If we ignore the rhetorical falsities and dig for the real meaning underneath them, the speech becomes almost fascinating. Obama is covertly saying: “Look, I raised federal spending to almost a quarter of America’s GDP in my first term. That leaves a gap of 3.5 to 5 percent of GDP between that spending and likely revenue. None of that gap is going to be filled by cuts in entitlement programs or social expenditures. None whatsoever. My veto will see to that. I will force Congress to raise spending — not solely by raising taxes on the rich (I’ve already conceded that the middle class will have to pay higher taxes, too), but by skewing taxes much more significantly than they are skewed today in a redistributive direction. And insofar as I can’t get higher taxes, I will increase borrowing. At the end of my eight years in office, the result will be a European welfare state (even if I agree not to call it that so as to save face for those Republicans who vote with me). And however costly the welfare state proves, it will be unrepealable once it is in place. Like Reagan (but unlike either Clinton), I will have reversed the trajectory of American politics.”
This is a bold strategy that has (I would guess) about a 20 percent chance of success. The essential (and crippling) difference between Obama’s trajectory and Reagan’s is that the latter’s strategy succeeded economically. Indeed, it would not have succeeded politically if it had failed economically. But there is very little chance that Obama’s economic policy will work at all, let alone so well that the increased revenue it generates will be sufficient to bridge the fiscal gap outlined above. In those circumstances, Obama will face two sets of spiraling costs: the rising costs of the entitlement programs and the higher interest costs of his increased borrowing. And that combination is a rising tide that swamps all boats.

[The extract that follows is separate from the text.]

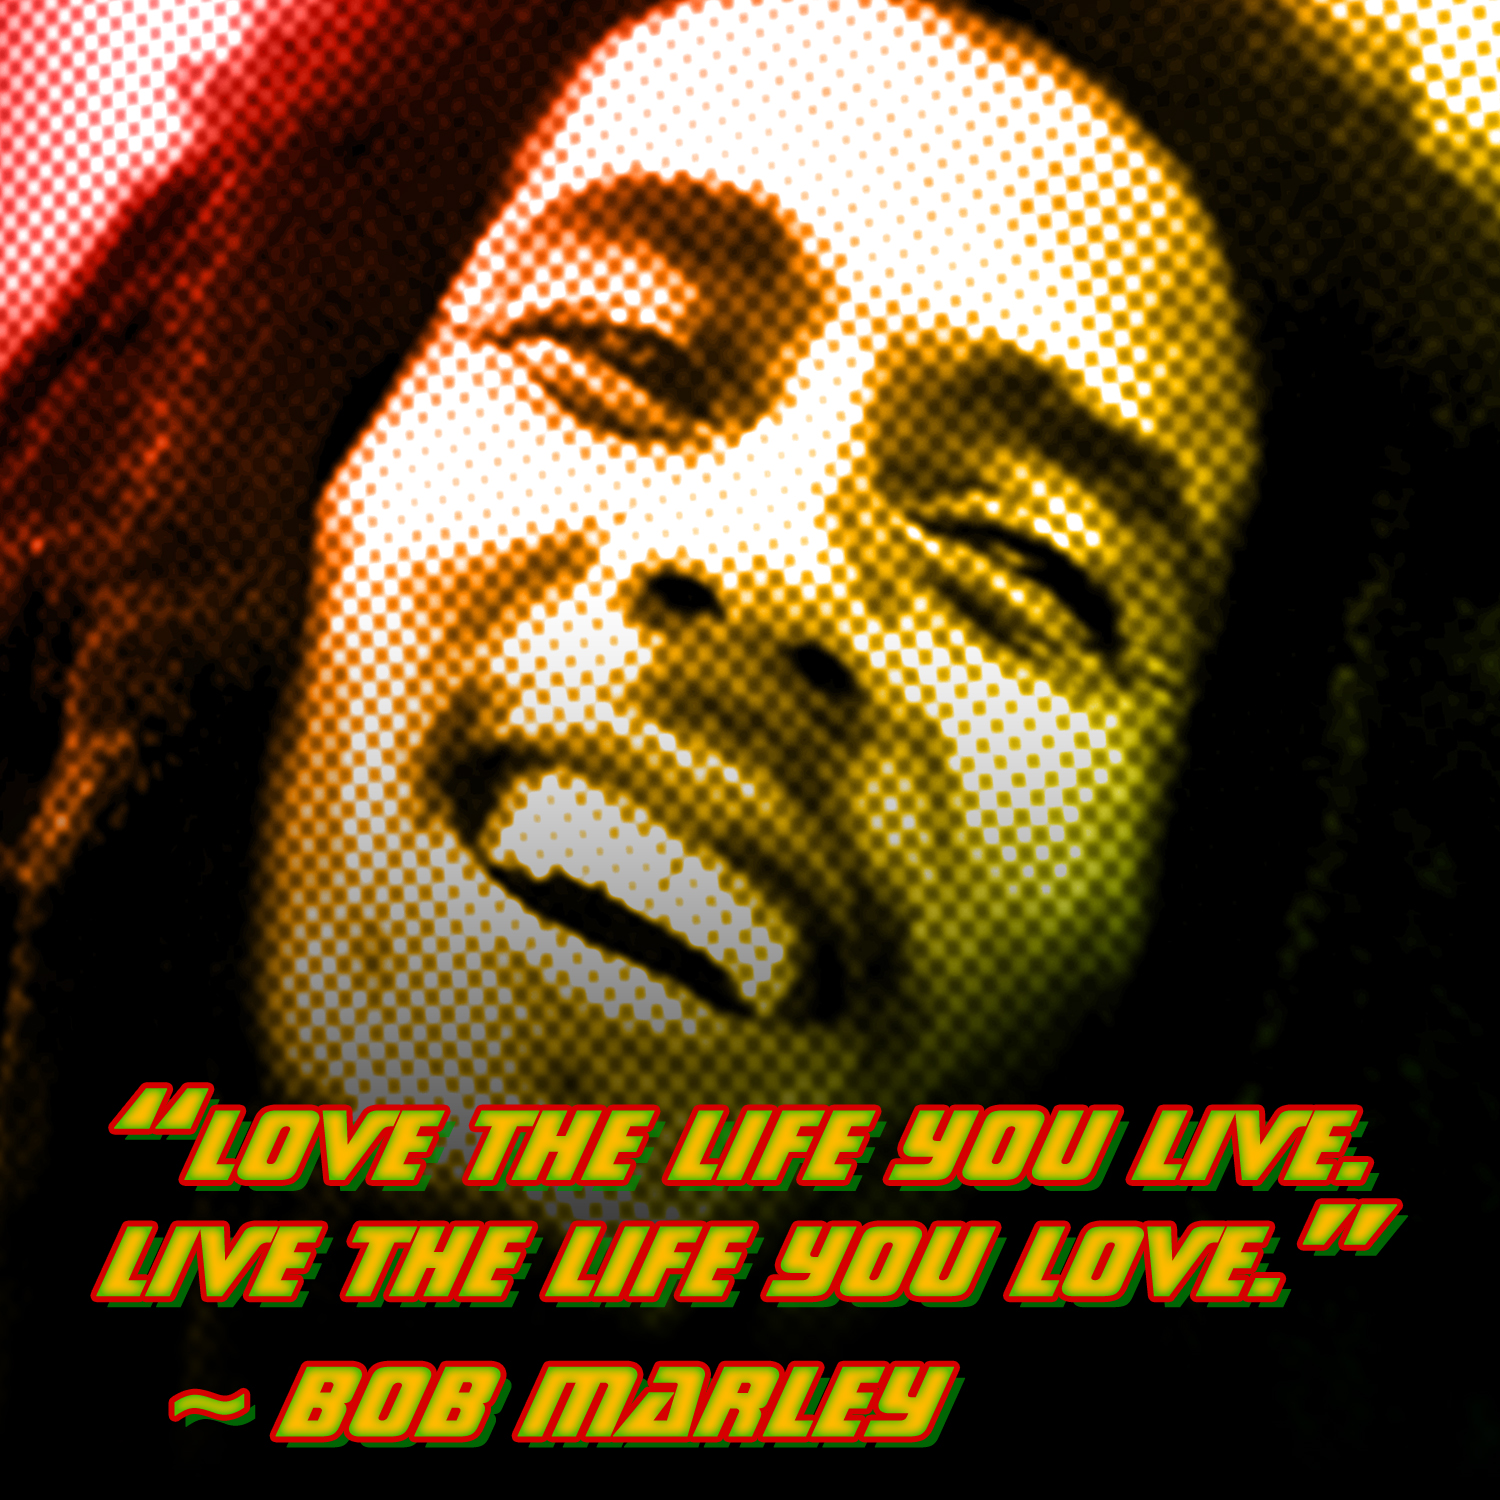 Bob Marley Quote - Bob Marley Picture Download - HD Wallpaper 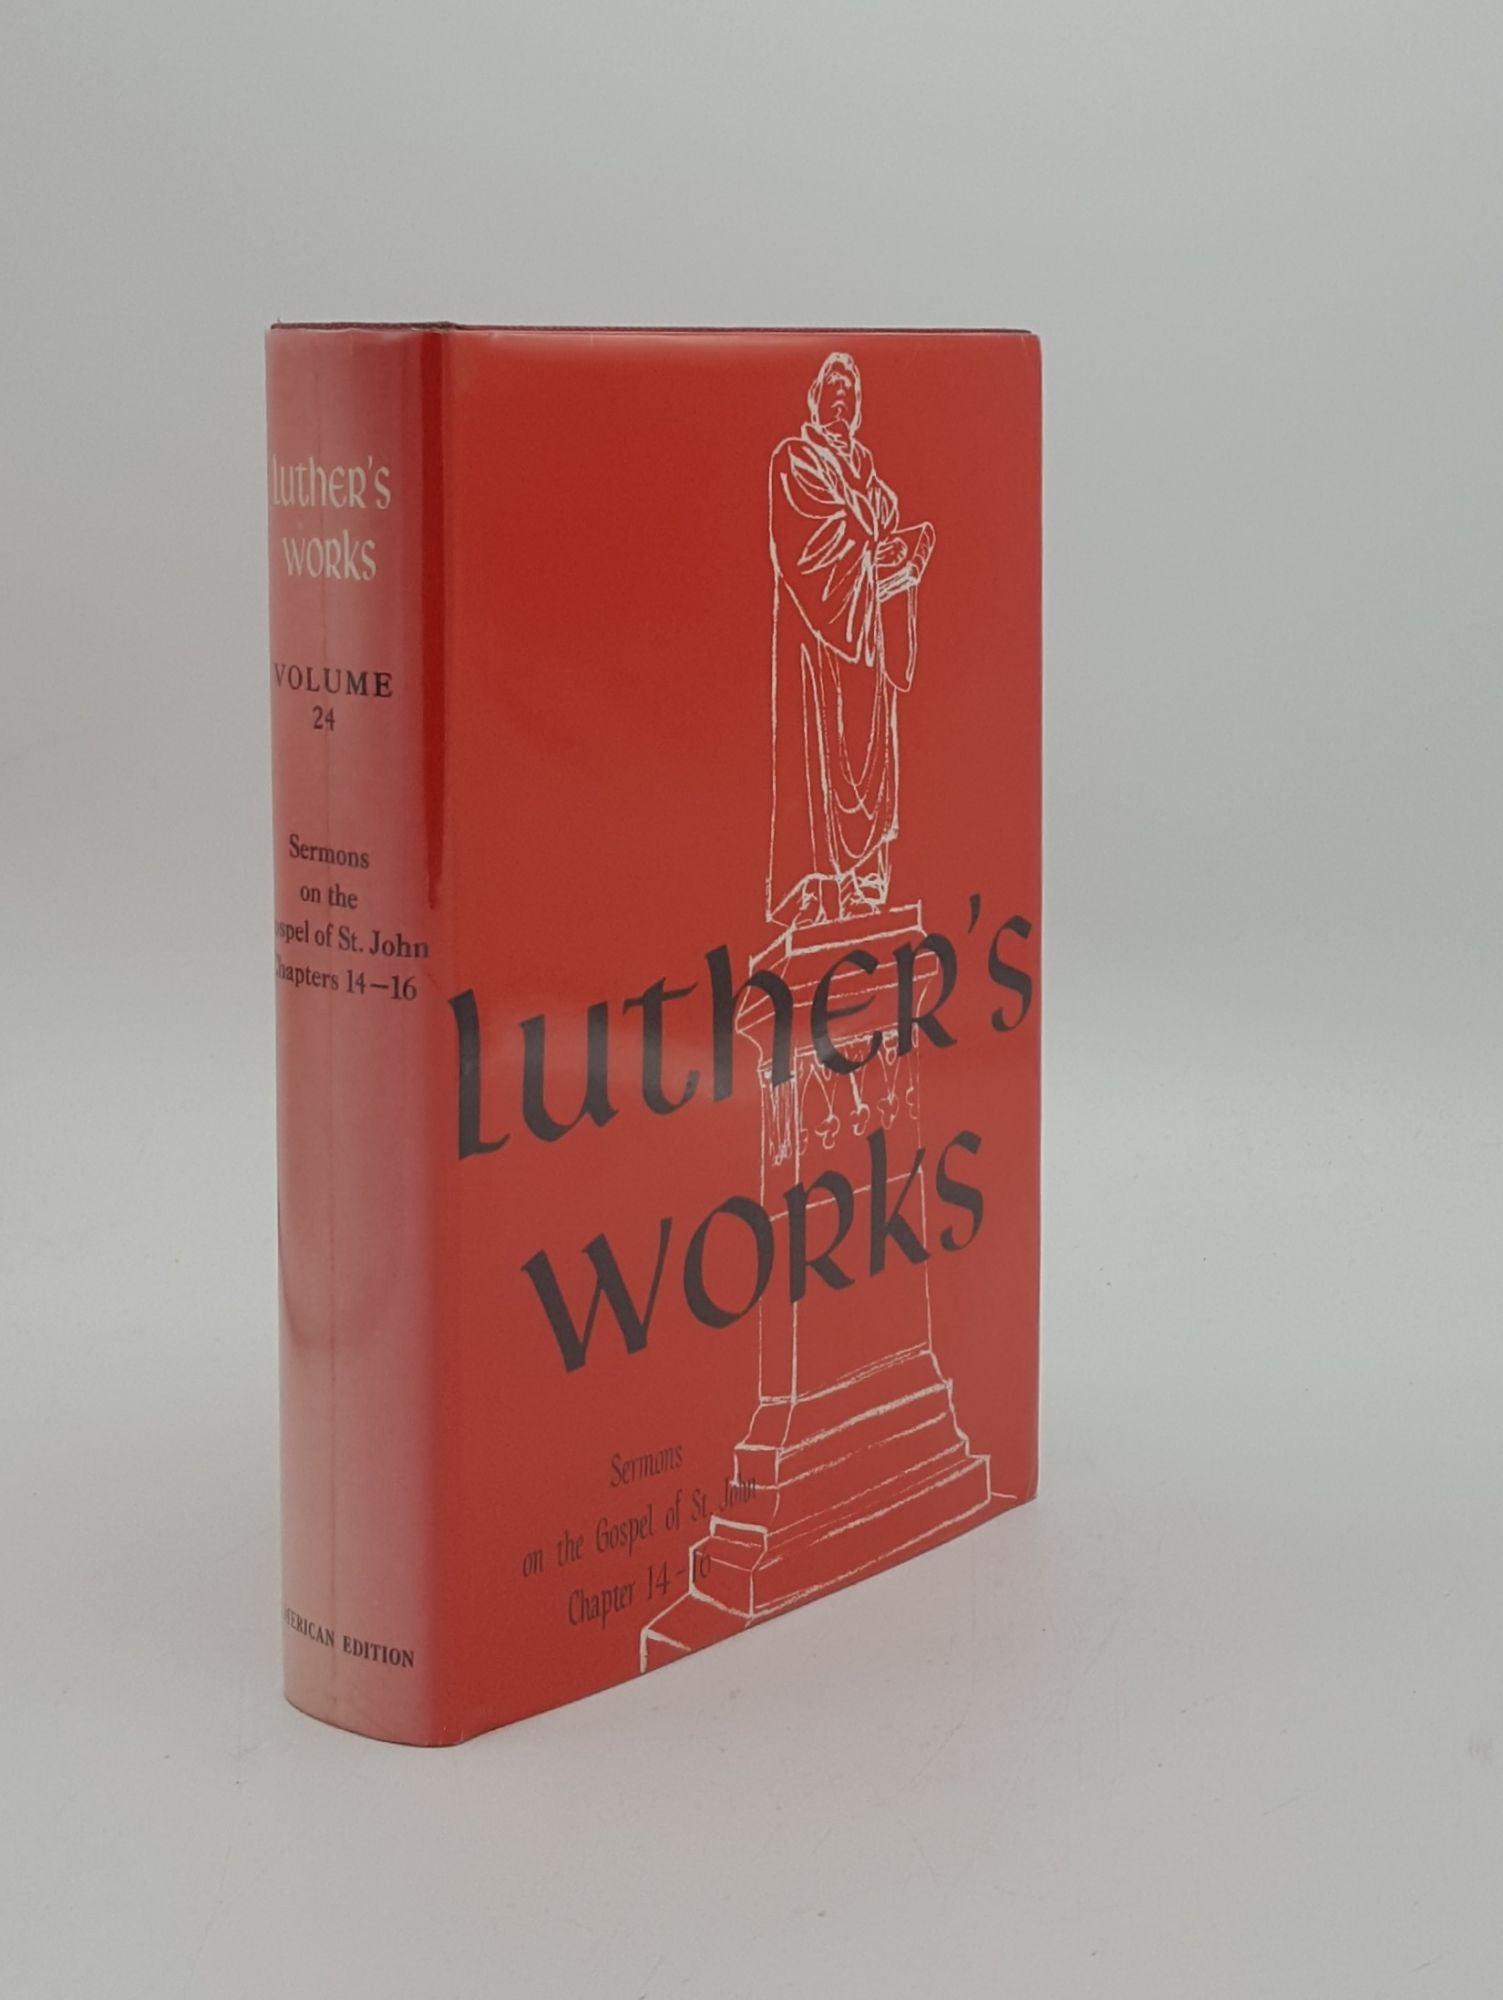 PELIKAN Jaroslav - Luther's Works Volume 24 Lectures on the Gospel of St John Chapters 14-16

How will the president cope with such discouraging trends? Well, he might say sternly that he, for one, will never join those nattering nabobs of negativism who count America out. Or he could perhaps venture that where others see gathering storms, he sees beyond them to the sun breaking through the clouds onto the mountain tops. Or, if things look really bleak, maybe he will resort to the Dictionary of Quotations.
A Talleyrand gem should do it. When a French revolutionary asked him how to win converts to his new-and-improved religion, the wise diplomat replied: “Nothing simpler. Get yourself crucified and rise again on the third day.”
— John O’Sullivan is editor-at-large of National Review.